From seeing inside her mouth there doesn't seem to be any white spots or anything she has a nice pink mouth inside. I hope she lasts till tomorrow, as I am going to try another vet up the street from me, she doesn't work the wildlife rehab but if I have to pay out of my own pocket I will... she is so sweet and still just over the age of a fledgling but not an adult yet. She is a very good patient considering someone is always playing with her bum. I will try to get a pic of her bum and her lower abdomen area. I will post it soon.


----------



## feralpigeon (Feb 14, 2005)

naturegirl,

What do you think of the glicerine q-tip or??? Massage???

Also, do you happen to have any canker meds on hand?

Sometimes it doesn't set up shop in a visible area.

fp


----------



## naturegirl (Nov 7, 2005)

It's feathers are wet due to warm bathes, here is a pic to see what I am talking about


----------



## naturegirl (Nov 7, 2005)

no I don't have any meds on hand.


----------



## feralpigeon (Feb 14, 2005)

Wow, that doesn't look too good. Do you have canker meds on hand?

fp


----------



## feralpigeon (Feb 14, 2005)

I see, we posted @ the same time. I would get her on the canker meds, if the vet won't see you tomorrow, maybe try and talk her out of one or two pills of Flagyll/Metronidazole. You can try and get her to poop w/some of the suggestions, but she needs some meds.

Sorry she's not doing well.

fp


----------



## Pidgey (May 20, 2005)

You can also get a $10 otoscope at a chain drugstore. They're not as bad as you'd think but you can use them up the cloaca to figure out a little better what your bird's problem is and how to handle it. I have to admit that it's tough for me to imagine a constipated dove or pigeon because I've never seen THAT to be one of their problems.

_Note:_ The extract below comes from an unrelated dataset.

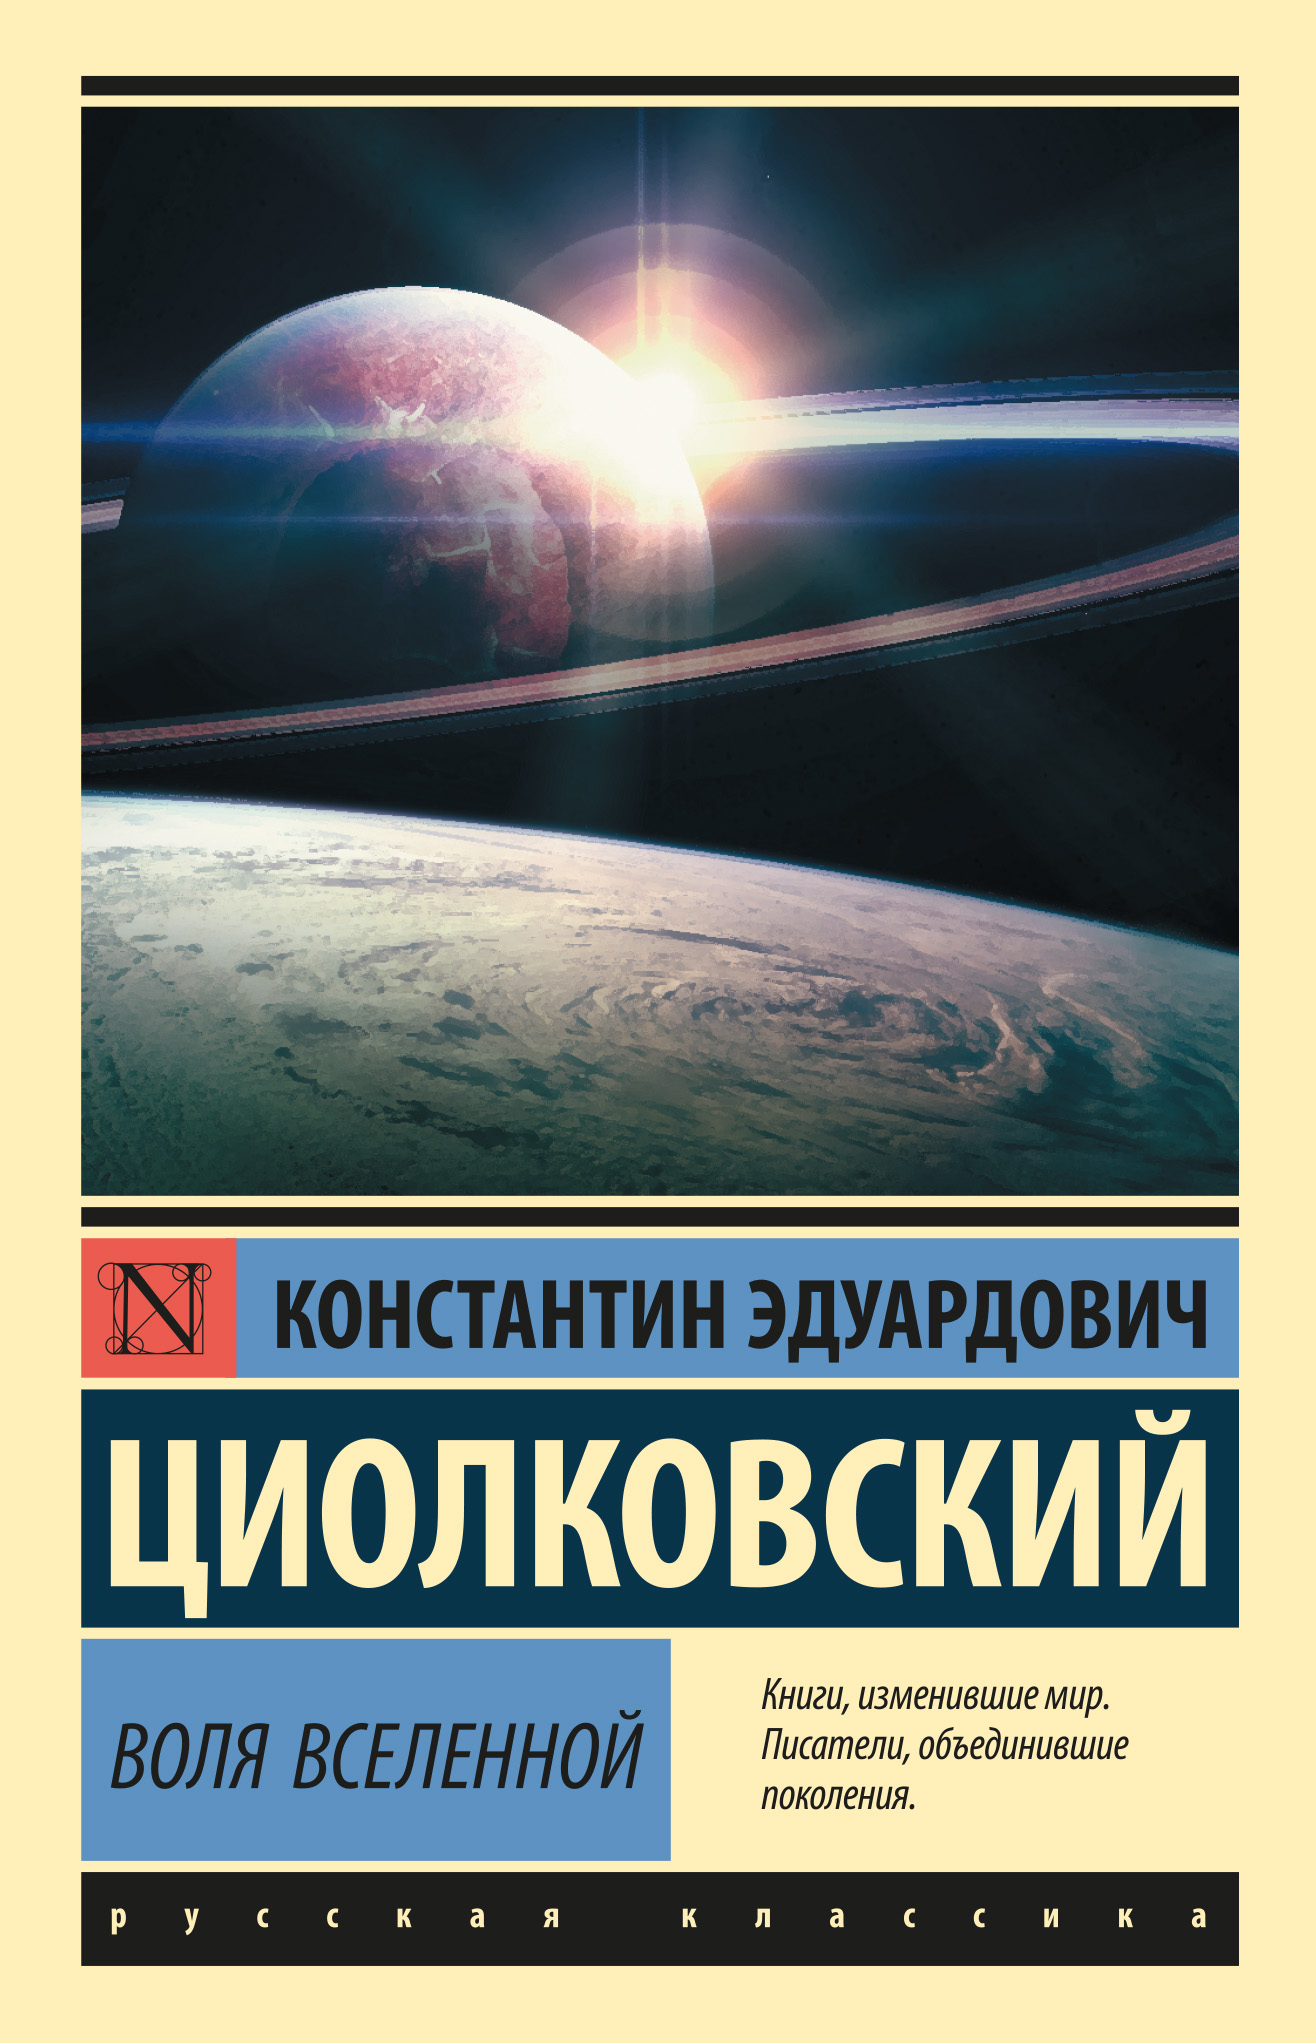 Константин Циолковский Воля Вселенной

Anyhow, if I had one that was, I'd probably try to irrigate the plug with a special tube and syringe like giving an enema. The tube that you'd have to use would be bullet nosed and you could form one out of aquarium tubing and a match if you had to. But, you may have to study that picture real well and have a look with the otoscope to get your bearings. 

In any case, this is not something to wait around for nature to take its course too long or you'll end up with a dead bird.

Pidgey


----------



## pdpbison (Mar 15, 2005)

Hi Naturegirl,


I think, if it were me, I would be massaging around the Vent, and, pushing with my fingertips gently in around it, to see if I might both foften and mush-up and narrow the clog, and, begin to ease it out.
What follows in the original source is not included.